What to produce
An exact repeat is needed of the lines from the one with "Pierogi, such as" through the last line of the data below. Please omit the pictures.

Entries shown
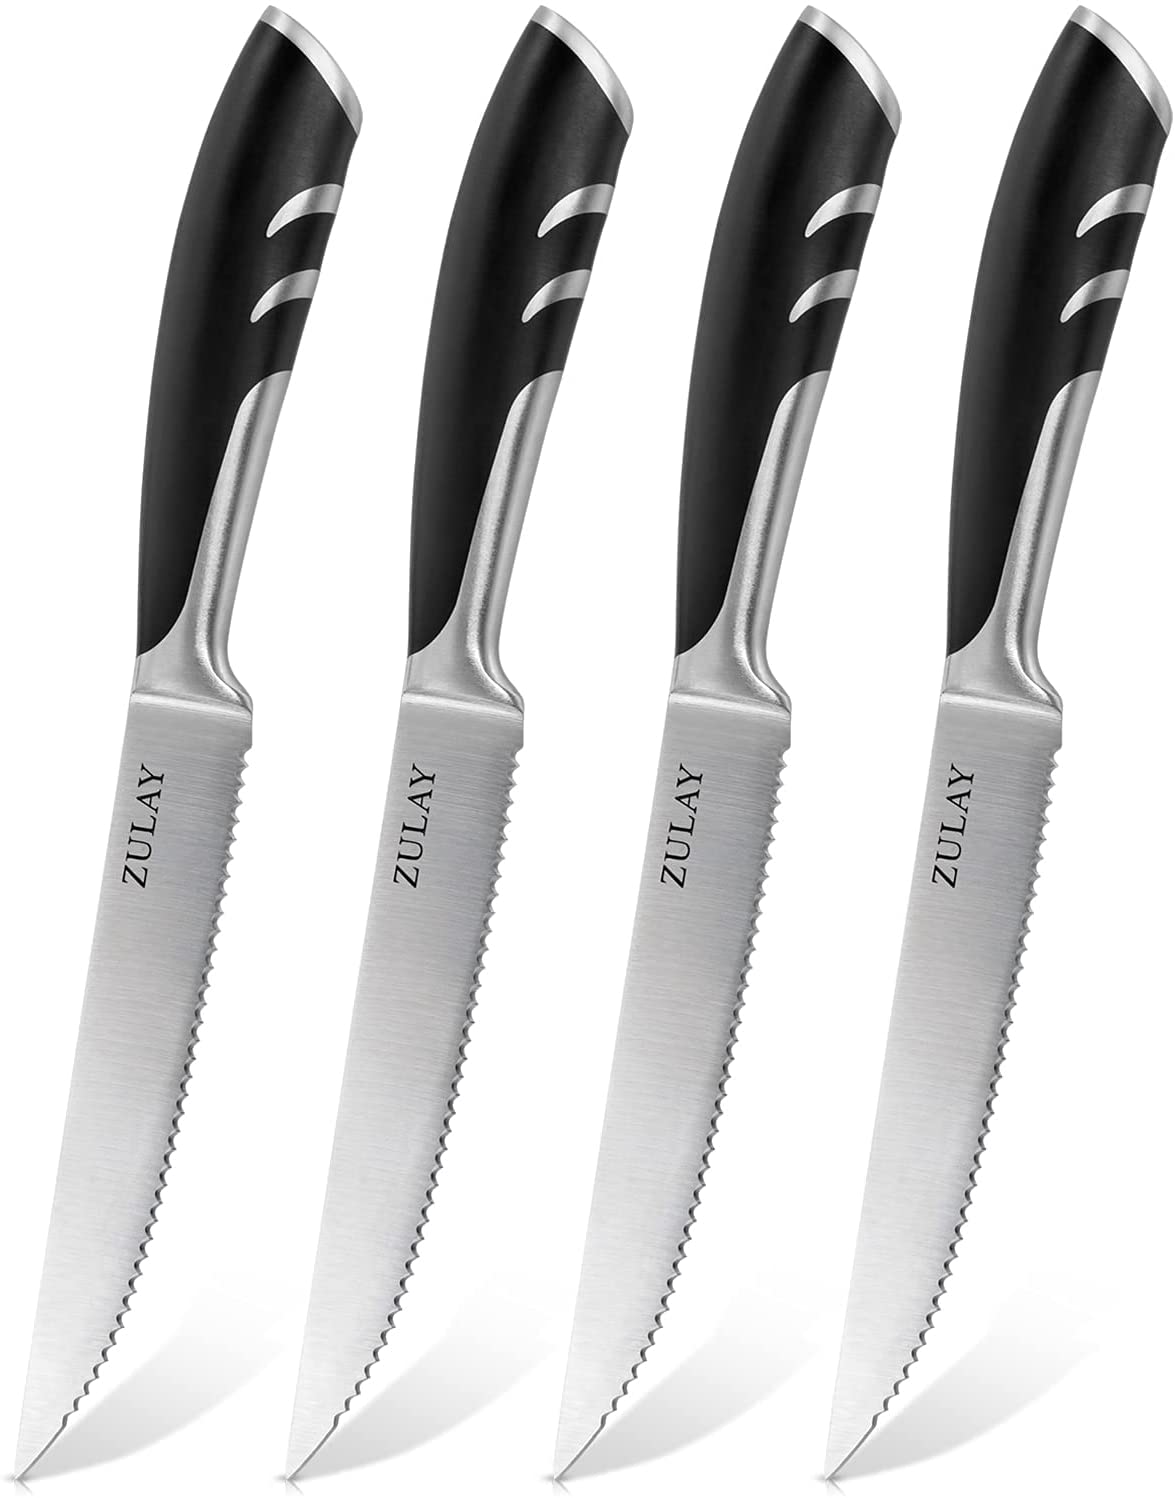 https://www.zulaykitchen.com/cdn/shop/products/steak-knives-set-of-4-5-inch-full-tang-serrated-stainless-steel-steak-knife-set-with-comfortable-non-slip-handlesteak-knives-set-of-4-5-inch-full-tang-serrated--112384.jpg?v=1684848753
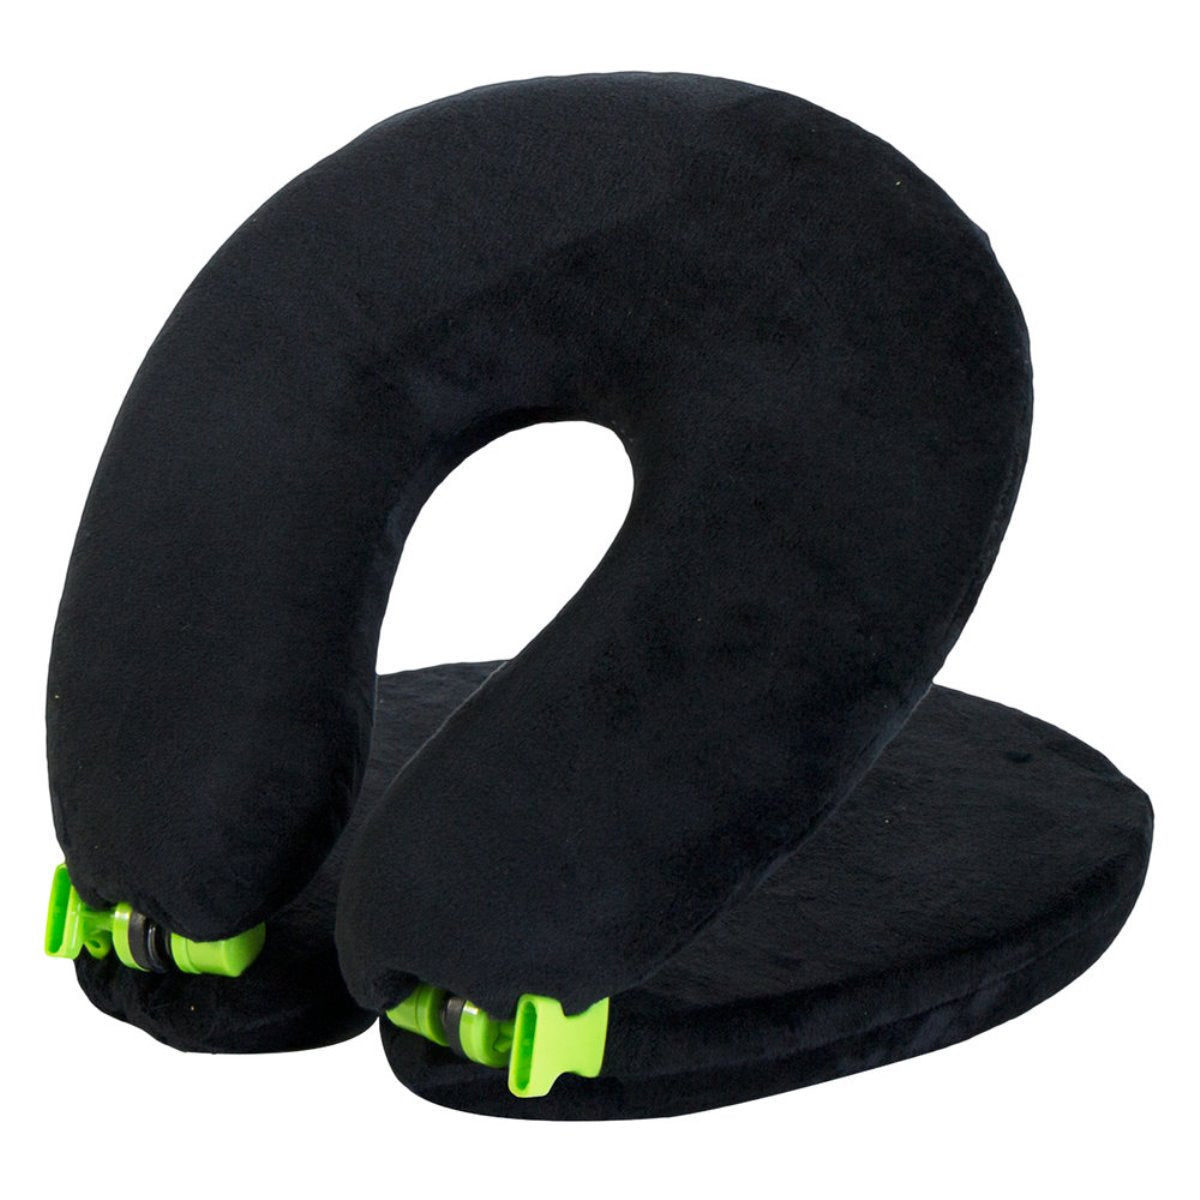 FaceCradle Travel Pillow with 5 modes
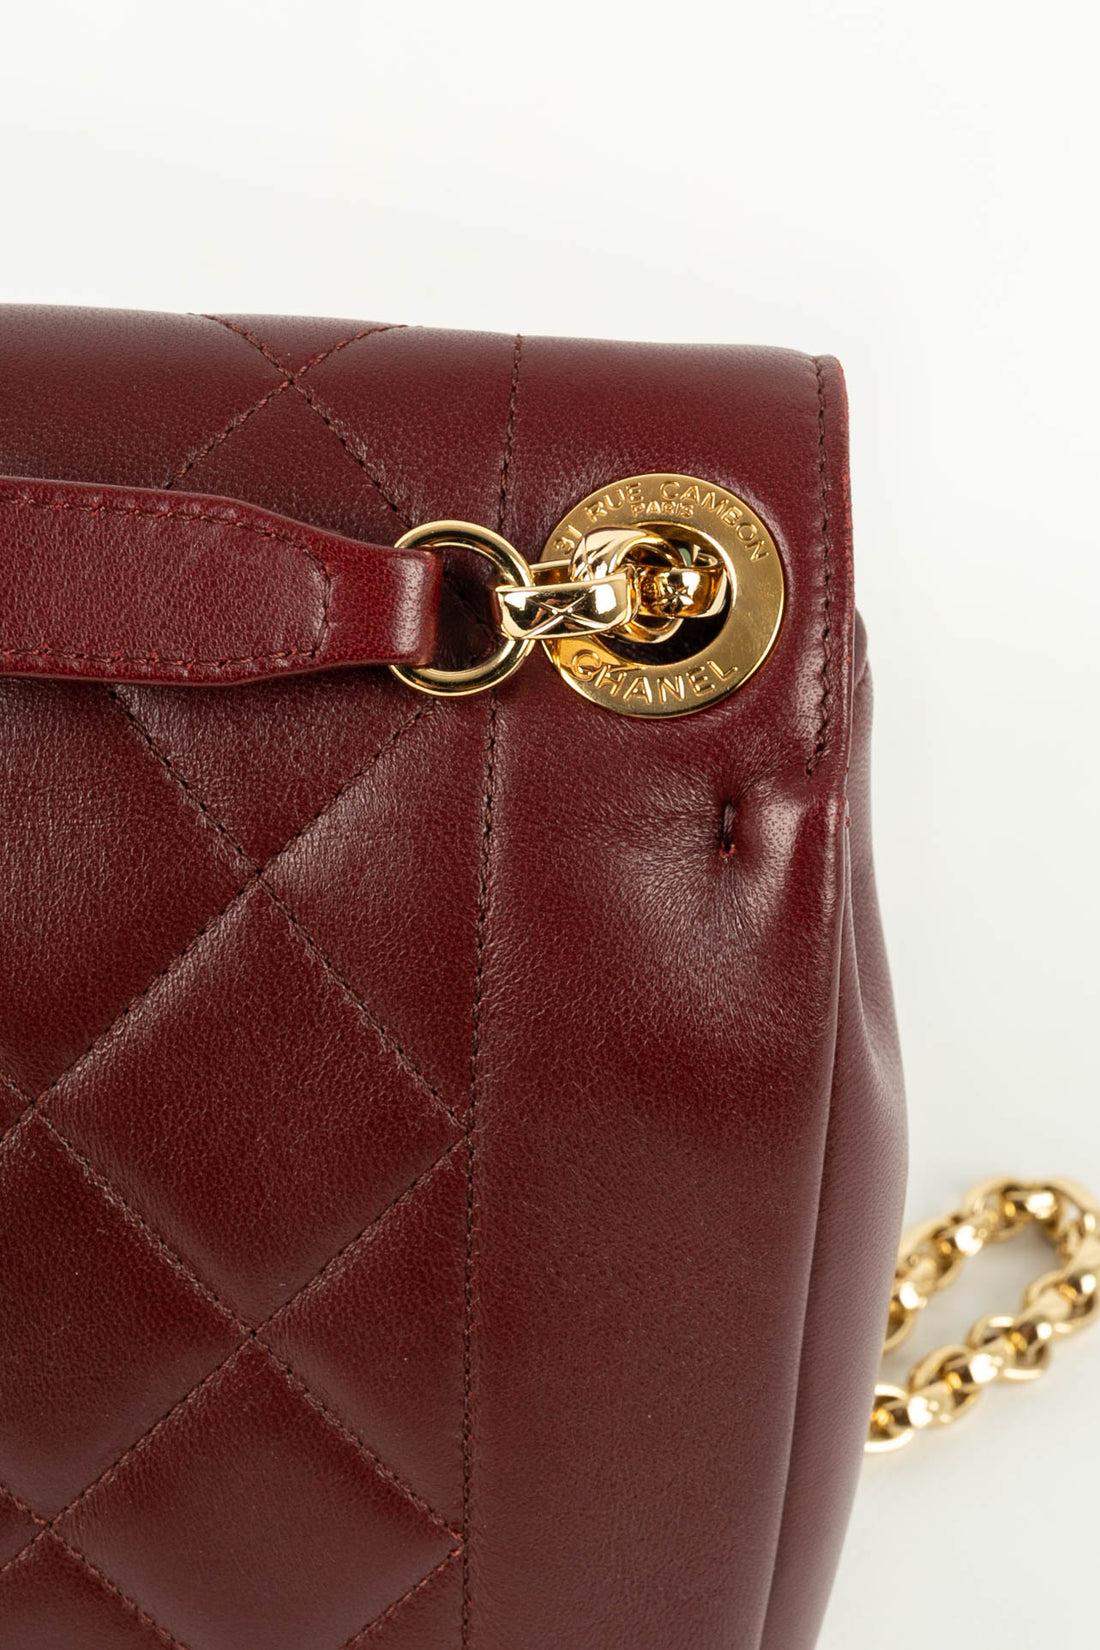 Chanel Burgundy Quilted Leather Bag, 2013/2014 For Sale 3
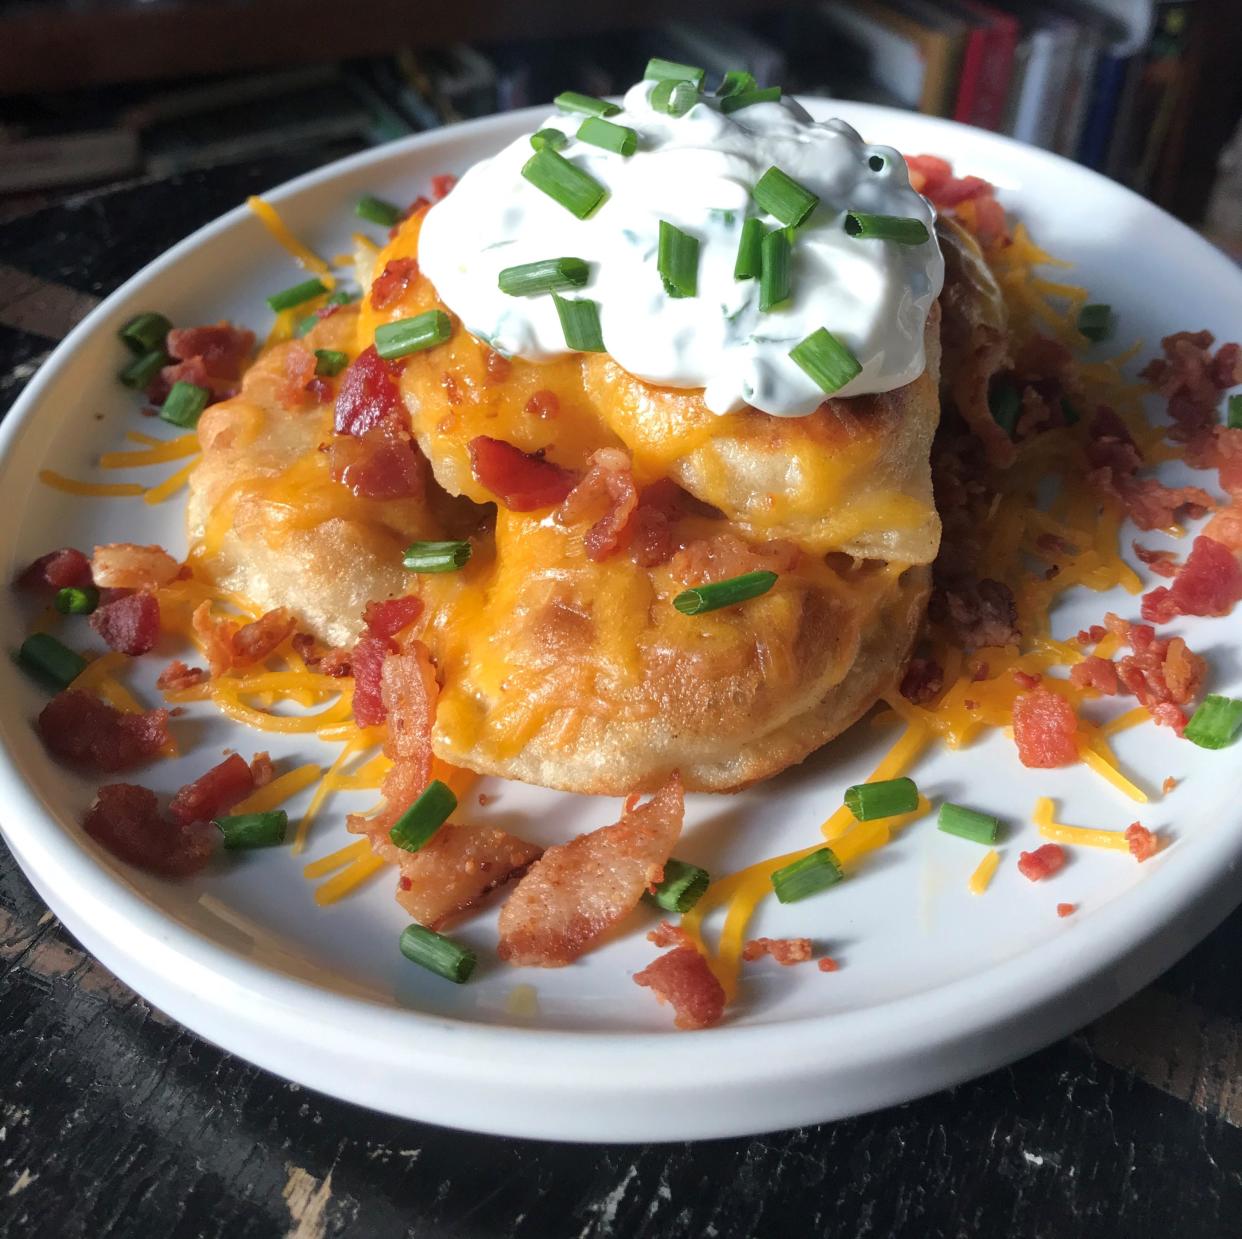 Pierogi, such as loaded baked potato with chive sour cream, will be among the menu items when four 3rd Street Market Hall vendors pop up Dec. 5 for lunch at Hawthorne Coffee Roasters on Milwaukee's south side.
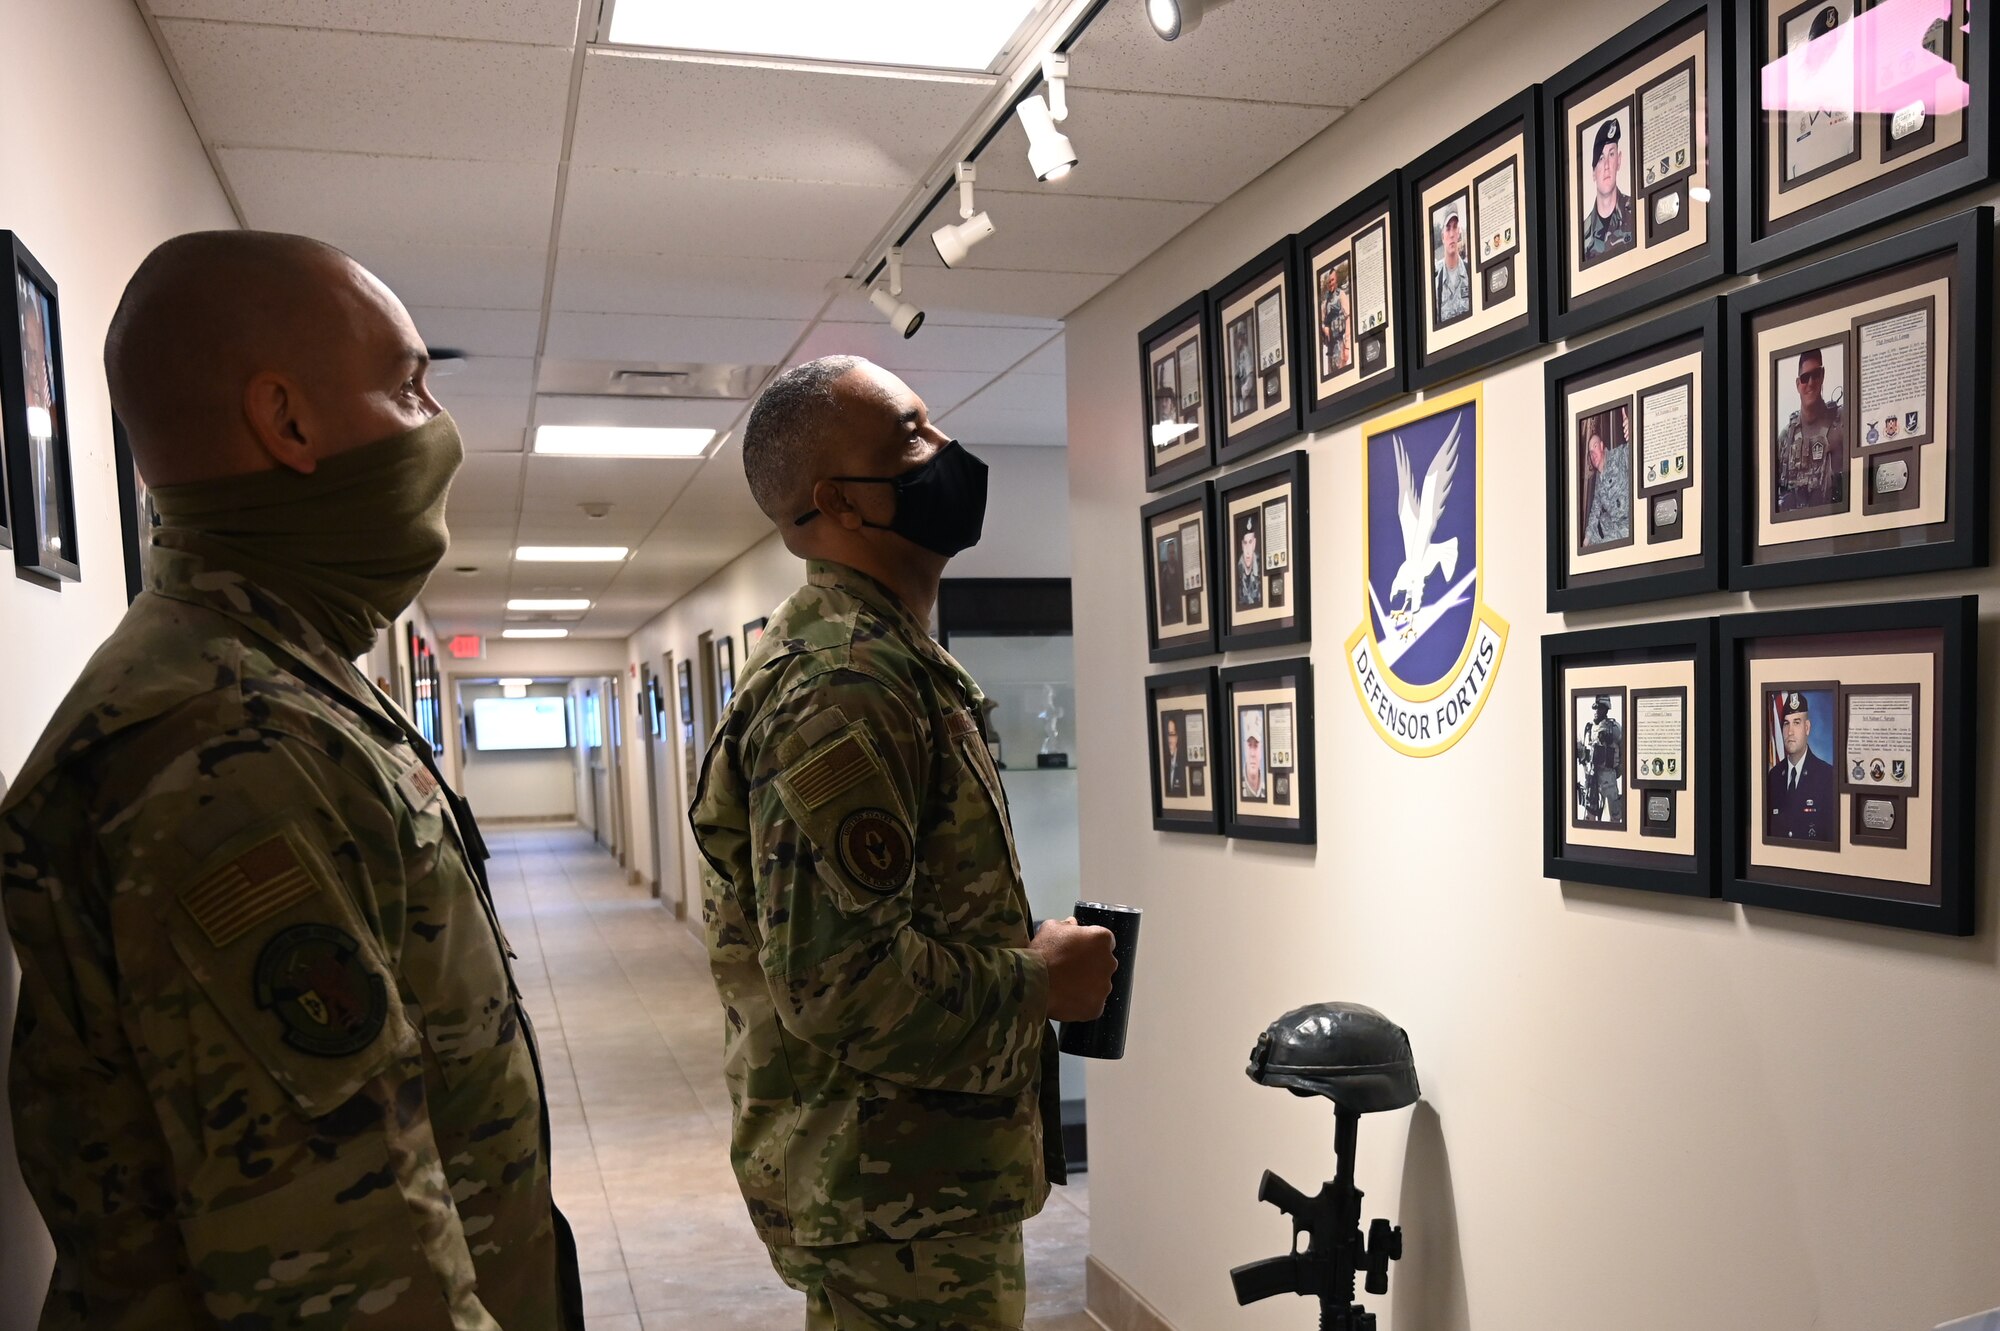 Chief Master Sgt. Timothy C. White, the Air Force Reserve Command Chief, observes the wall of fallen Airmen in the 911th Security Forces Squadron with Chief Master Sgt. Justin Hovancik, 911th SFS operations superintendent, at the Pittsburgh International Airport Air Reserve Station, Pennsylvania, Jan. 8, 2022.

Solved problem
 Pierogi, such as loaded baked potato with chive sour cream, will be among the menu items when four 3rd Street Market Hall vendors pop up Dec. 5 for lunch at Hawthorne Coffee Roasters on Milwaukee's south side.
 Chief Master Sgt. Timothy C. White, the Air Force Reserve Command Chief, observes the wall of fallen Airmen in the 911th Security Forces Squadron with Chief Master Sgt. Justin Hovancik, 911th SFS operations superintendent, at the Pittsburgh International Airport Air Reserve Station, Pennsylvania, Jan. 8, 2022.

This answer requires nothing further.